● **Data below**
-=-=-

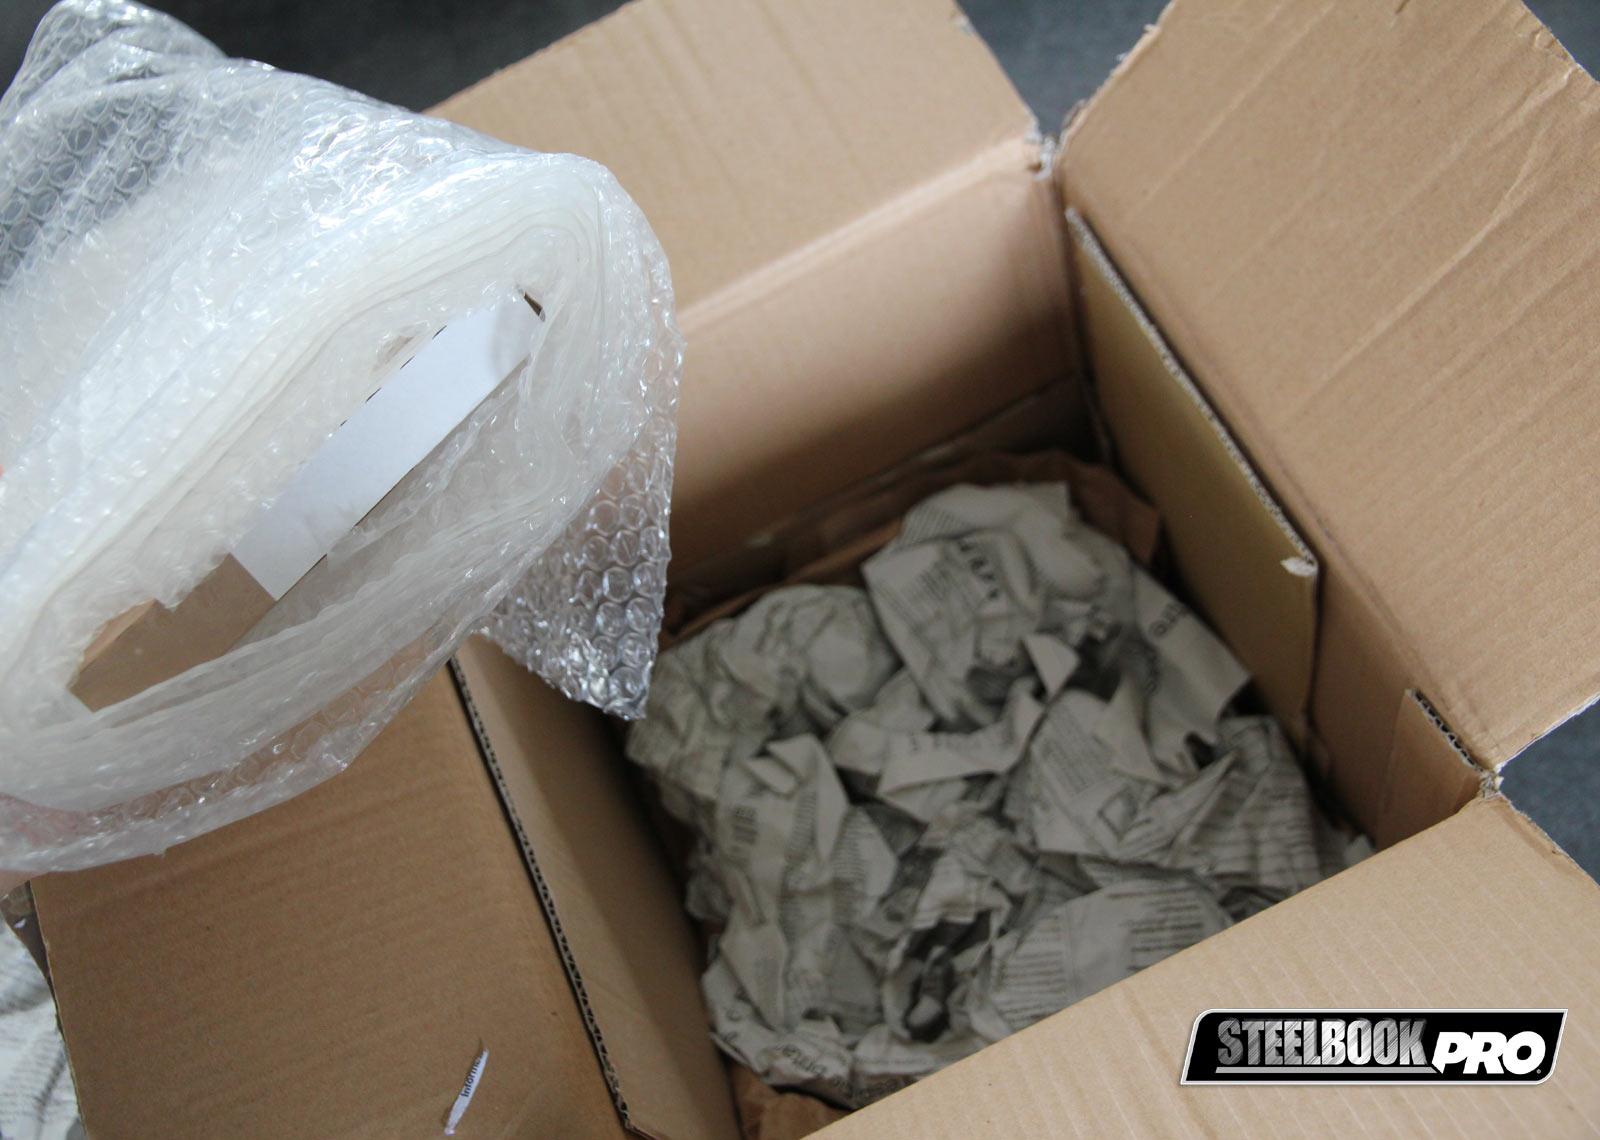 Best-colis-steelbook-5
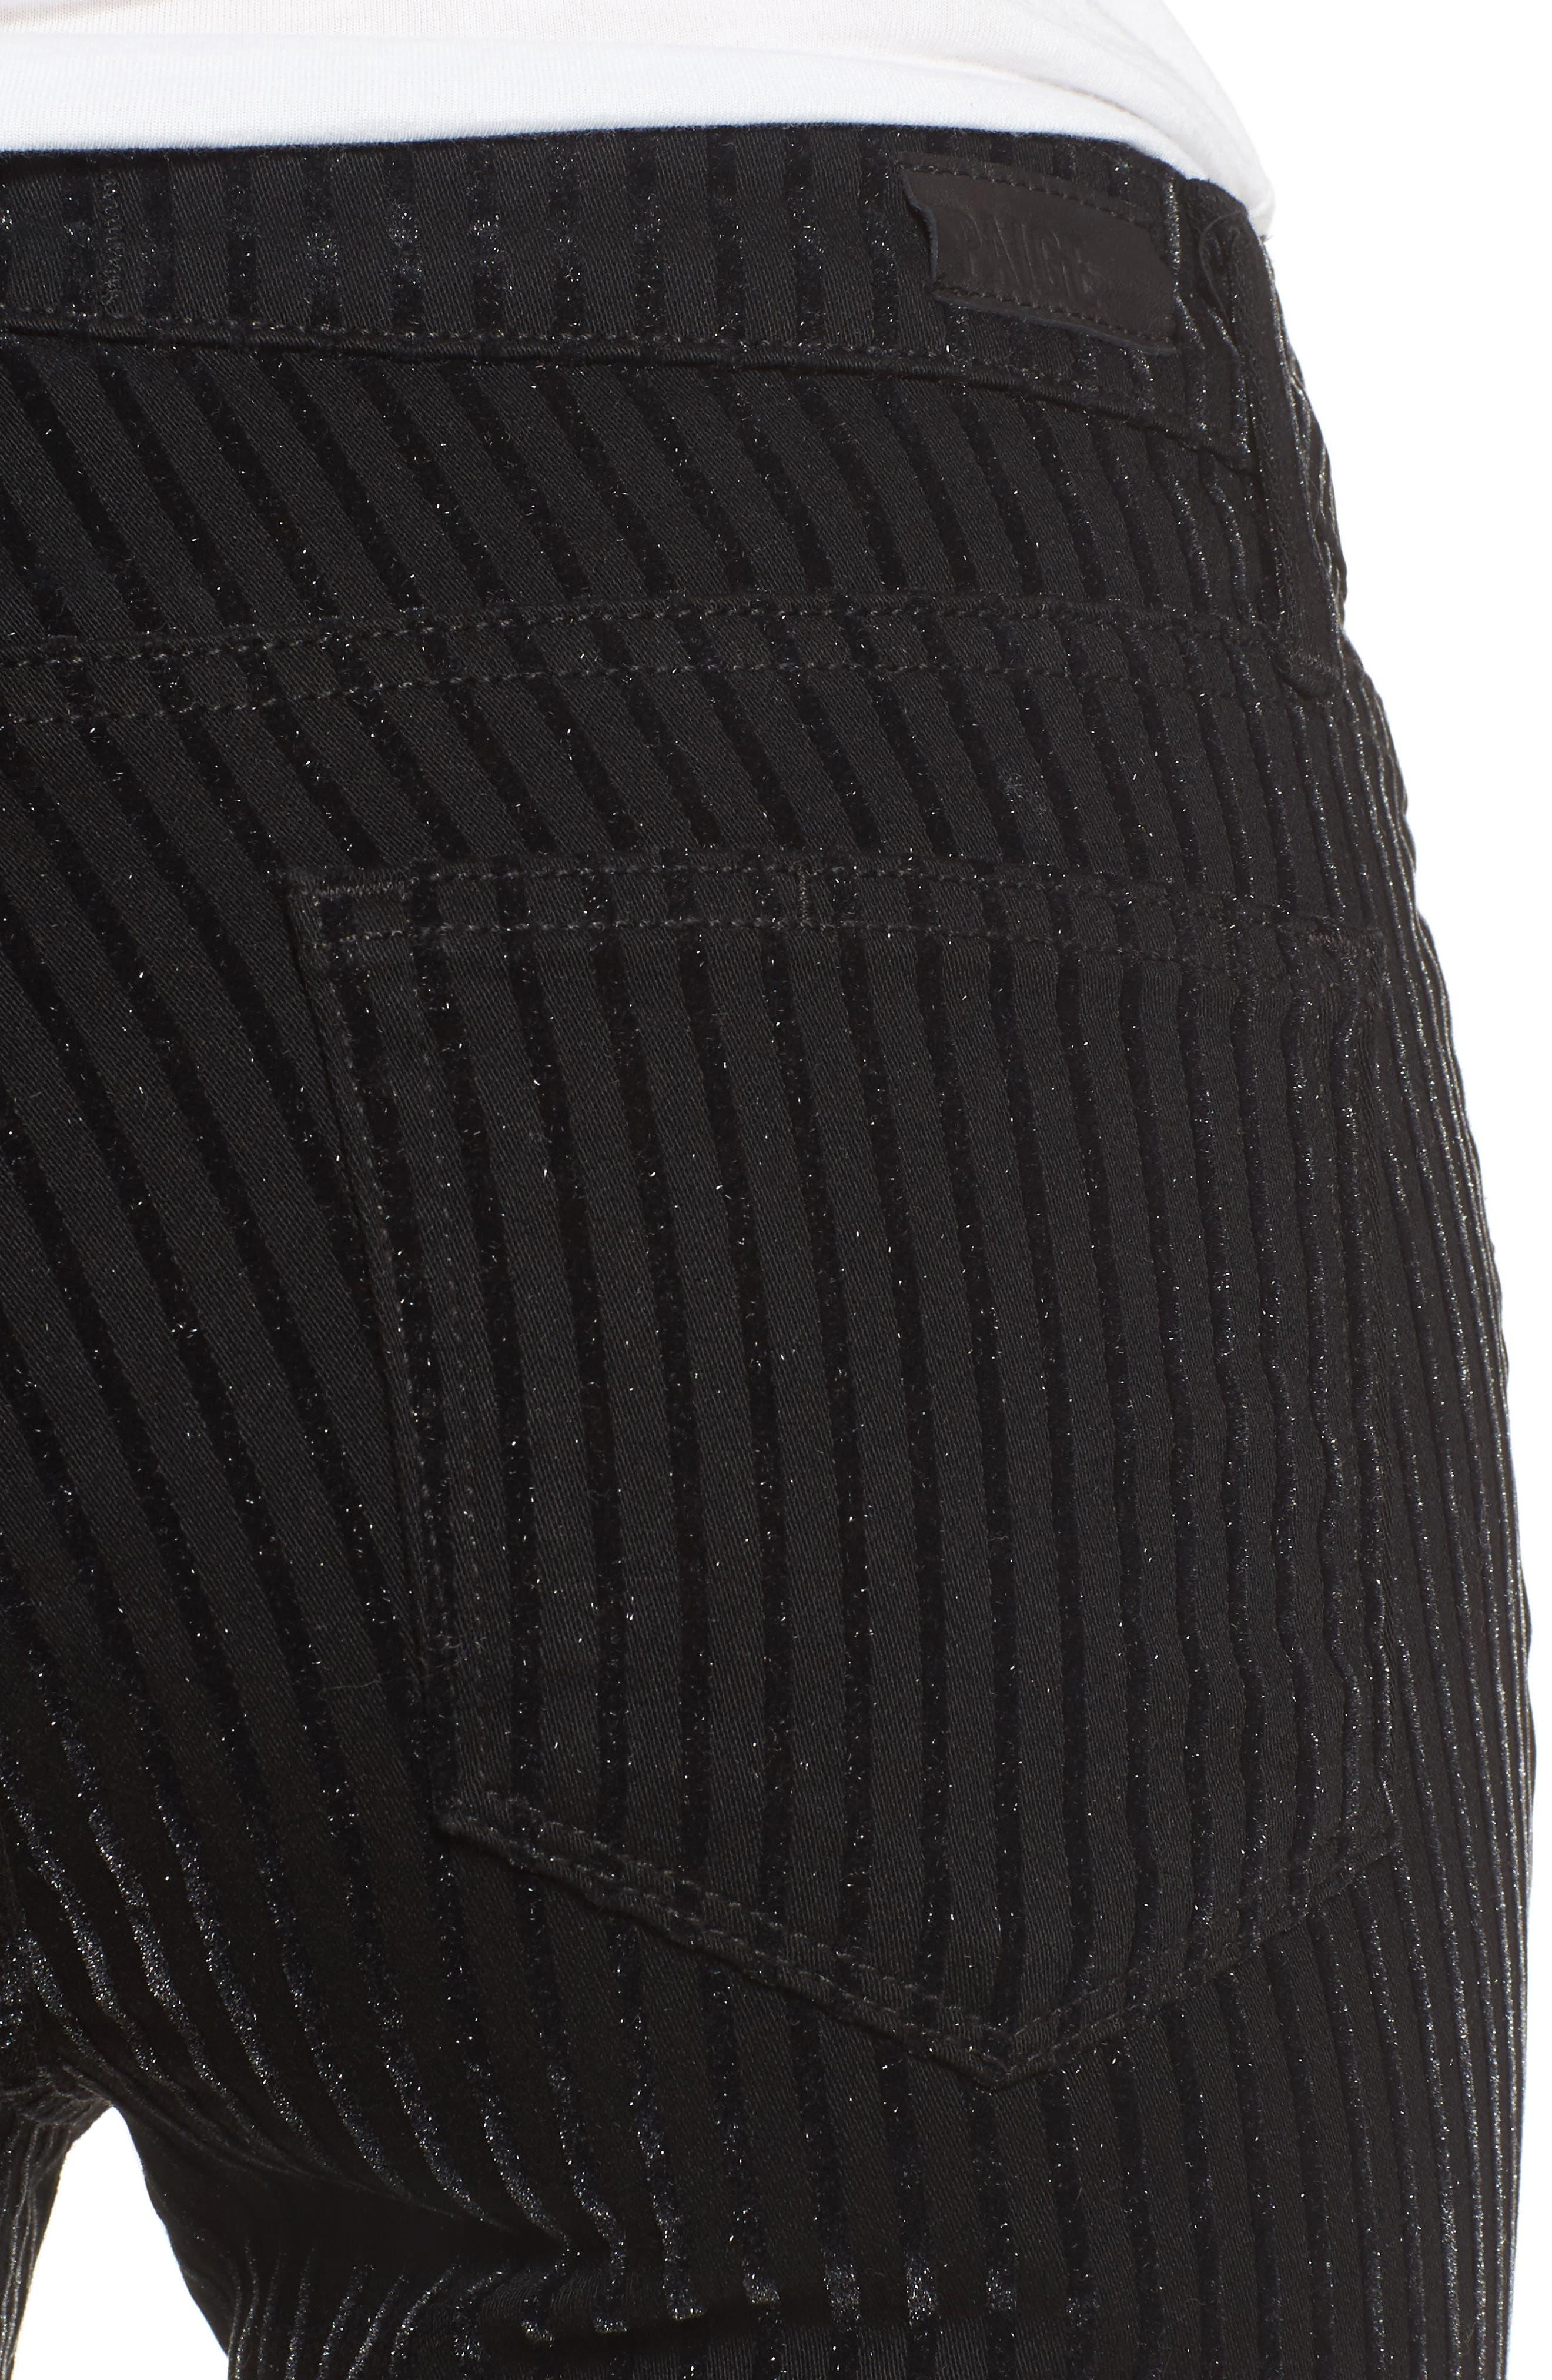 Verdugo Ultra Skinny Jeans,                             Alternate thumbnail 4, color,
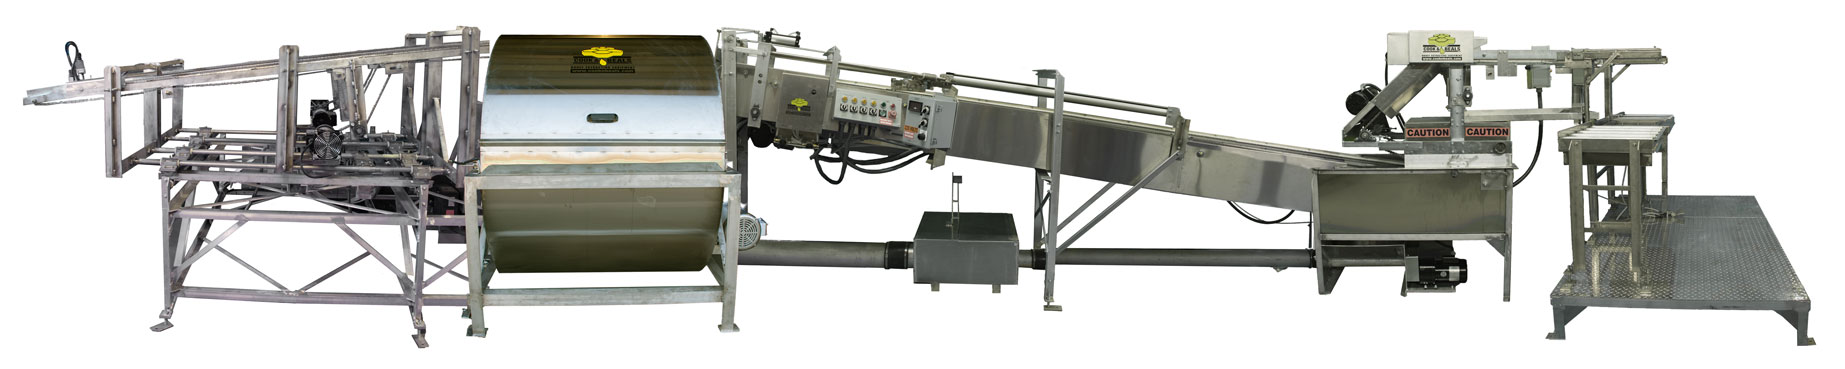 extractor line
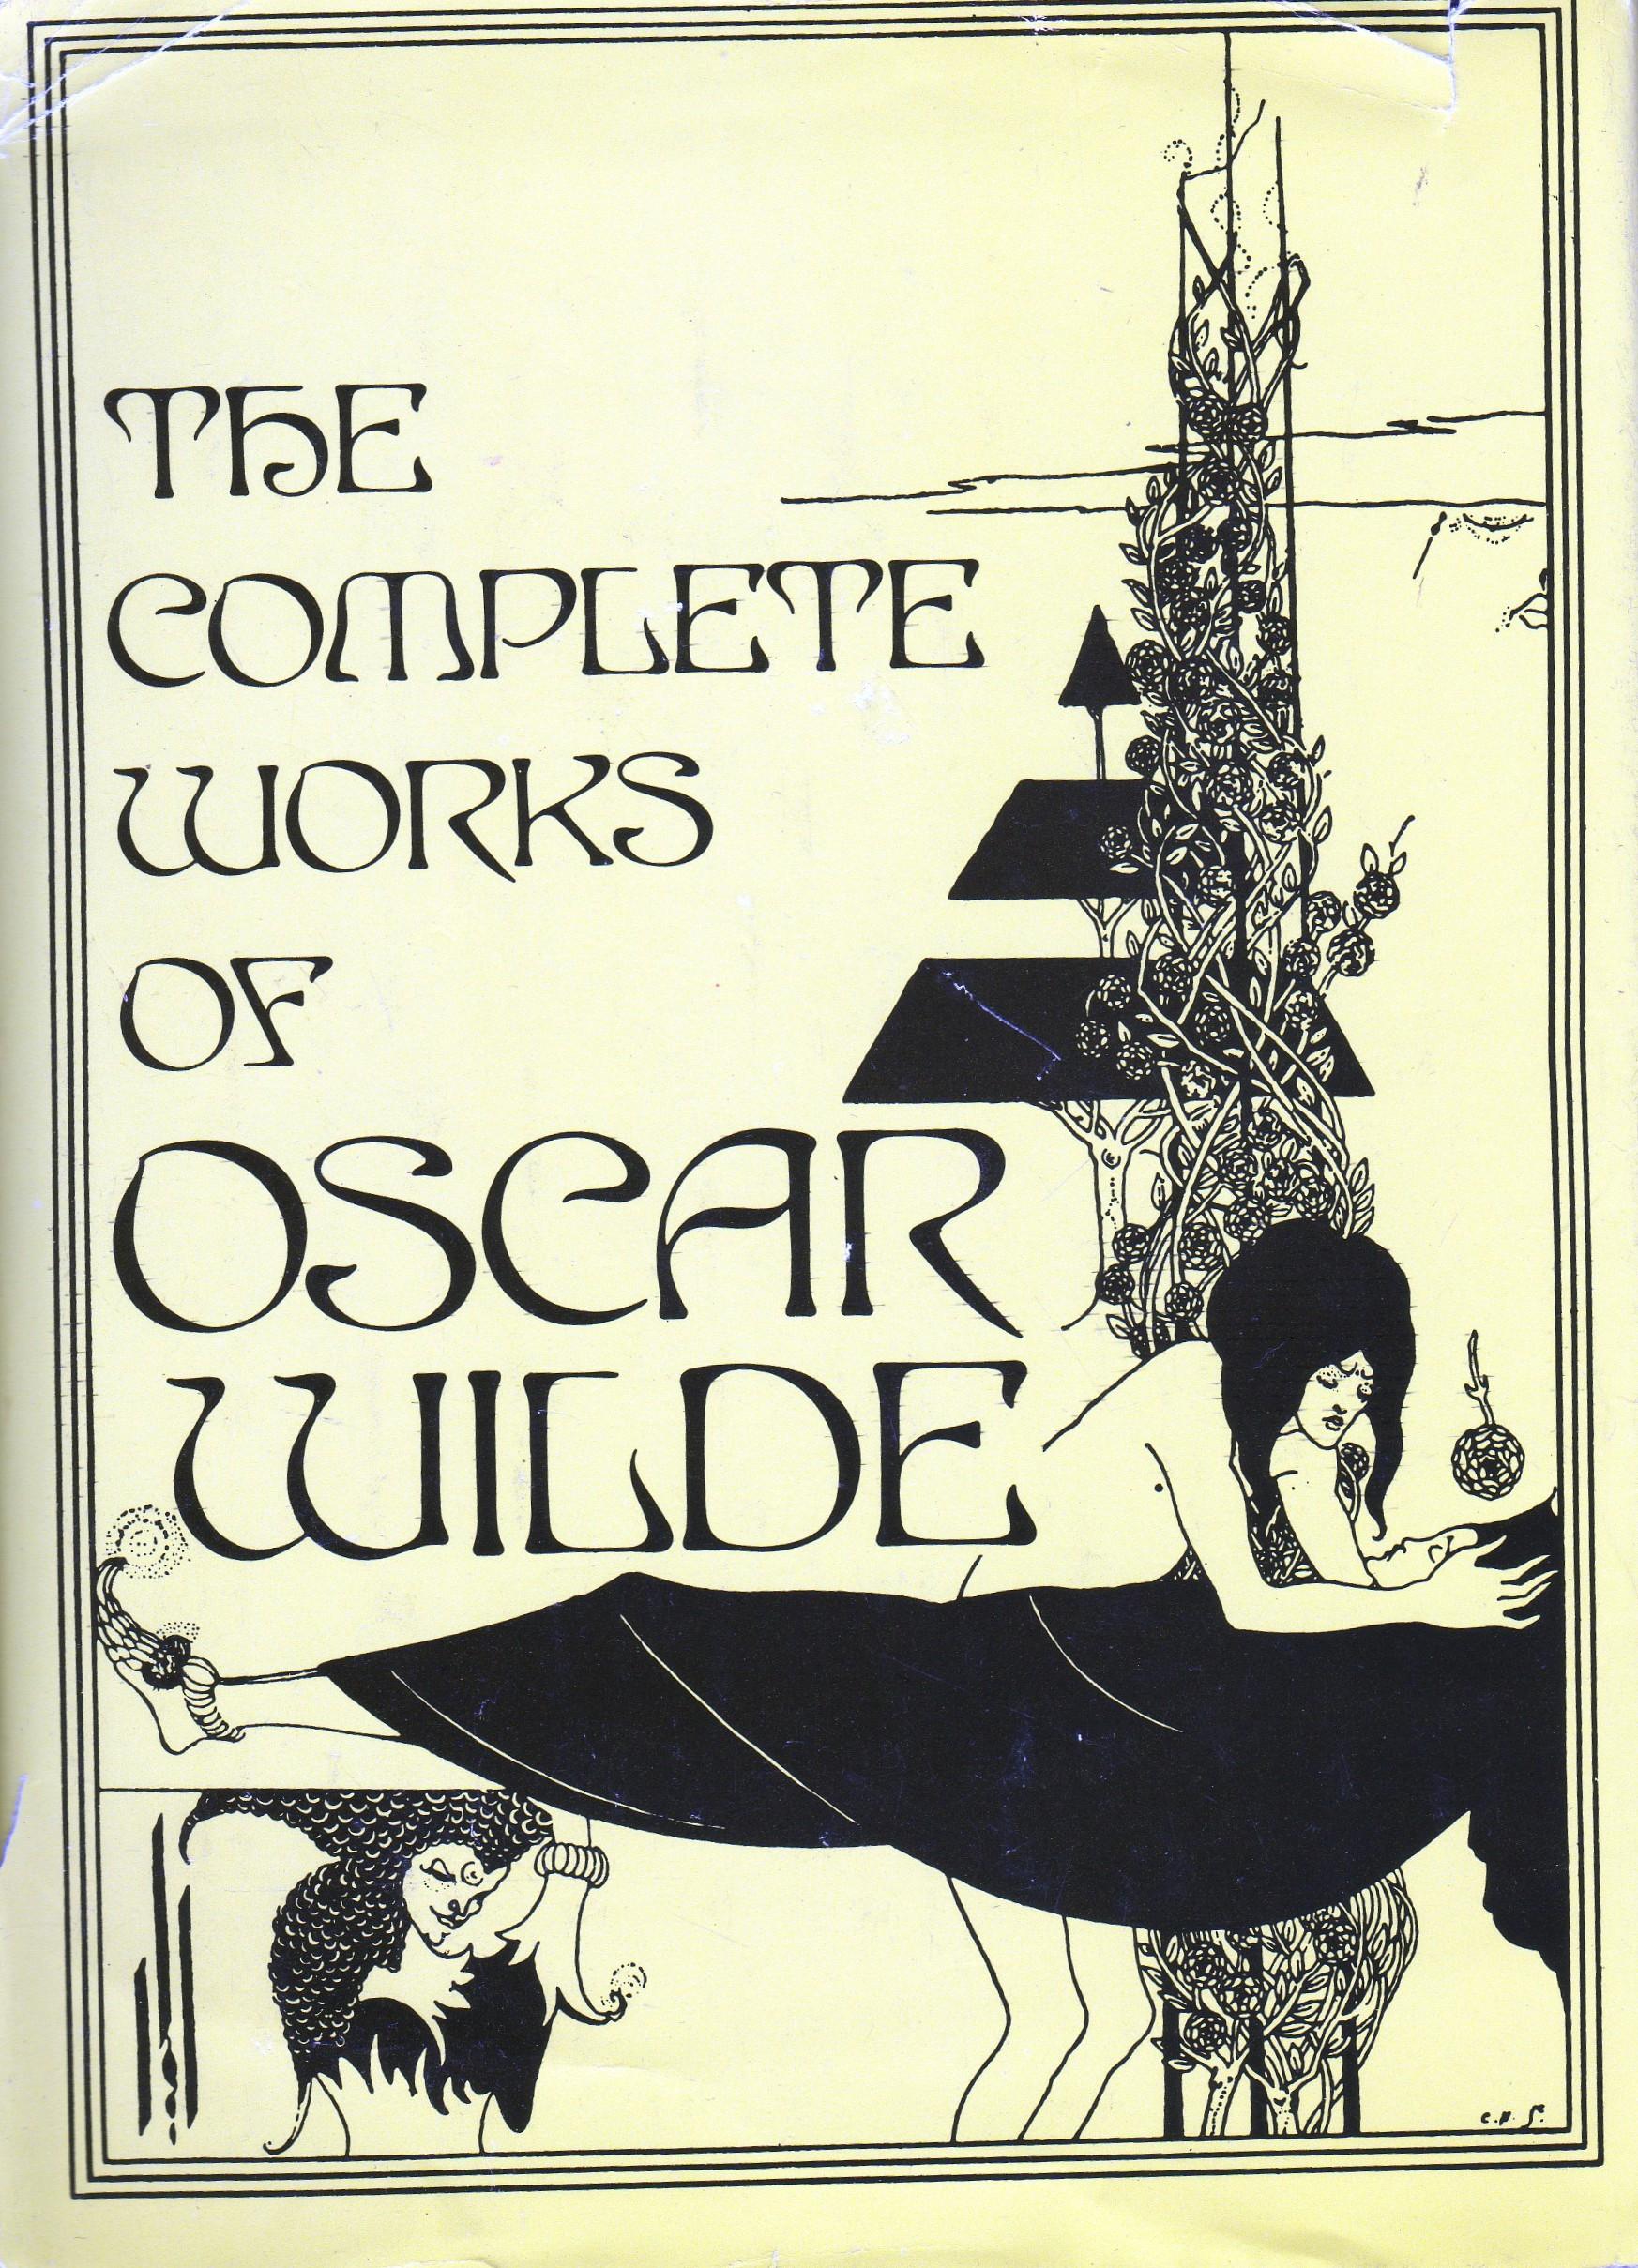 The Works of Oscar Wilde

-=-=-

With pictures excluded, the data must be transcribed in full and to the letter.

 Best-colis-steelbook-5
 Verdugo Ultra Skinny Jeans,                             Alternate thumbnail 4, color,
 extractor line
 The Works of Oscar Wilde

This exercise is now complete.